At its founding, TTD represented 1.4 million (10 percent) of the AFL–CIO's 14 million members. Richard I. Kilroy was named the first president of the new department. Walter Shea (director of the Eastern Conference of Teamsters in Washington, D.C.) was elected Secretary-Treasurer. James Kennedy, who was also the executive director of the Railway Labor Executives' Association, was named TTD's first (and, at the time, only) full-time professional staff person.

The United Transportation Union did not join TTD at its formation.

The TTD's inaugural convention was held in early October 1990 in Washington, D.C., with representatives from its 24 member unions (who represented more than 1 million members). The largest delegations came from the Teamsters, the International Association of Machinists, and the Association of Flight Attendants. Other unions well represented at the convention included the Brotherhood of Locomotive Engineers, Communications Workers of America, International Longshoremen's and Warehousemen's Union, Marine Engineers Beneficial Association, Transport Workers Union, Transportation Communication Union, United Auto Workers, and the United Steelworkers of America. Richard Kilroy was elected to a five-year term as TTD President.

==Presidents and Executive Directors==
In July 1991, Kilroy was defeated for re-election as president of his home union by Robert A. Scardelletti. James Kennedy resigned from TTD in the wake of Kilroy's defeat, and Edward Wytkind, assistant executive director of the department, became executive director. Although Kilroy stepped down (as expected) as TTD president at the department's October executive board meeting, TTD did not immediately name either an interim or permanent successor. Instead, the TTD said Secretary-Treasurer Walter Shea would "assume the duties of the presidency" until February 1992. The TTD executive board subsequently elected Shea president and V.M. Speakman (president of the Brotherhood of Railroad Signalmen) Secretary-Treasurer.

Shea's term of office ended in 1995, and Ron Carey, President of the Teamsters, was elected to take his place. But Carey was expelled from the Teamsters in July 1998 by federal government monitors after allegedly accepting illegal donations for his Teamsters re-election campaign, and Sonny Hall, President of the Transport Workers Union of America (TWU), was elected TTD president.
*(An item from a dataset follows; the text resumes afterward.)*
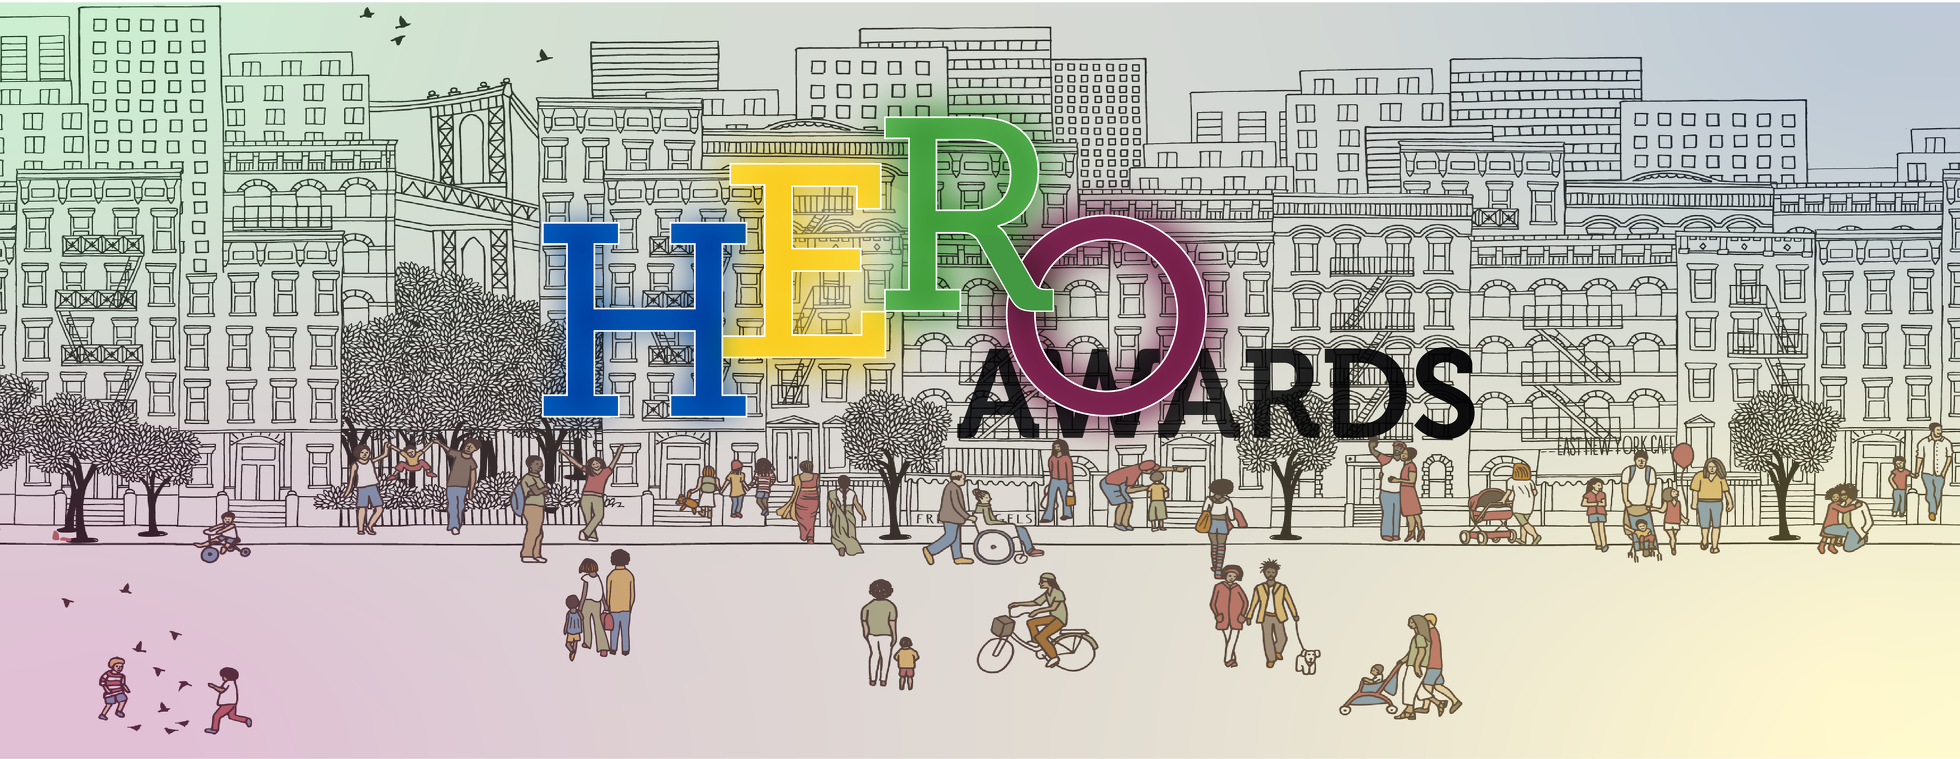 Institute for Community Living Hero Awards Auction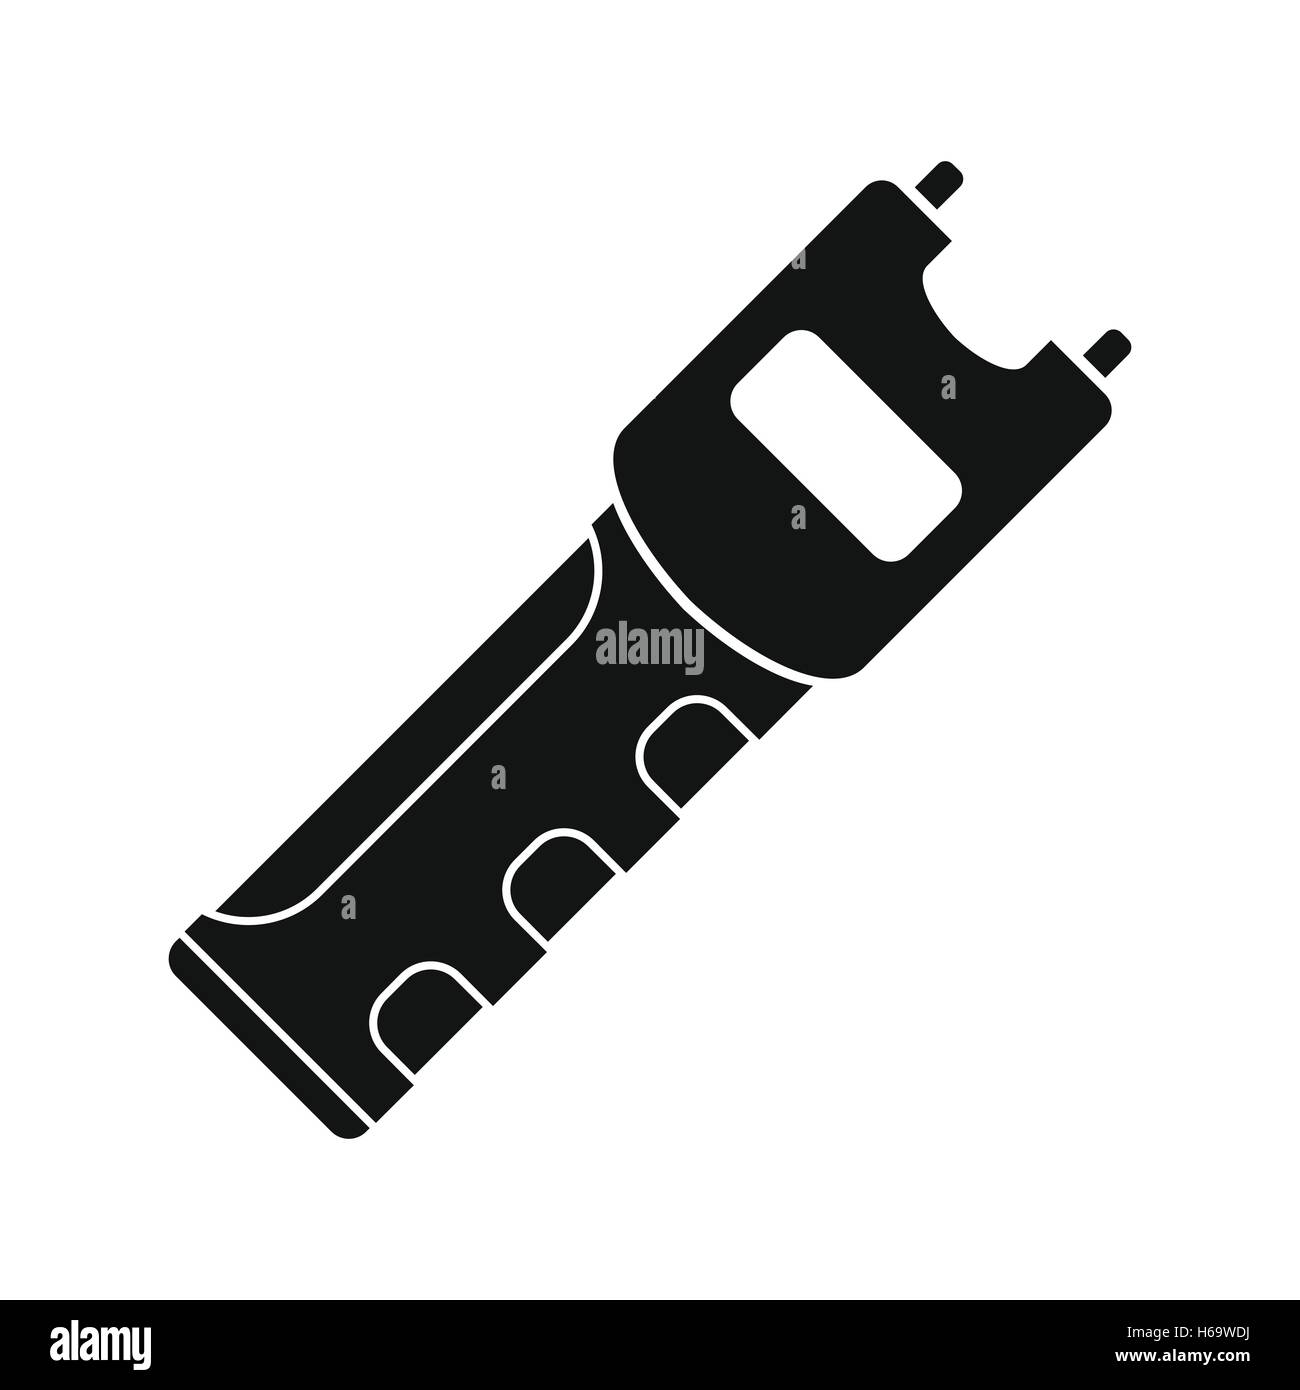 Taser self defense weapon Stock Vector Image & Art - Alamy

Hall retired at the end of his five-year term in 2003, and Edward Wytkind was elected president of the Transportation Trades Department.

Wytkind served as president for several successful terms and stepped down in July 2017. He was succeeded by Larry I. Willis, who had previously served as Secretary Treasurer of TTD under Wytkind.

Following Larry Willis' death in November 2021, serving Secretary Treasurer Greg Regan was unanimously elected president of the Transportation Trades Department.

==Issues==
Two of the main purposes of the Transportation Trades Department are to influence national transportation policy and to speak as a unified voice for the concerns of organized labor on transportation issues. Included among the more notable issues in which the TTD has played a major role are:
- The 1991 national railroad strike.
- Safety issues (including drug and alcohol testing) in rail, truck, and air transportation.
- Trucking deregulation and the North American Free Trade Agreement.
- Railroad mergers, such as the Burlington Northern with the Atchison, Topeka and Santa Fe and the Union Pacific with the Southern Pacific, and the breakup of Conrail.
- Shipping deregulation.
- Amtrak reform.
- Port, rail, and air transport security issues after the 9/11 attacks, and aid for workers in transportation sectors affected by the events.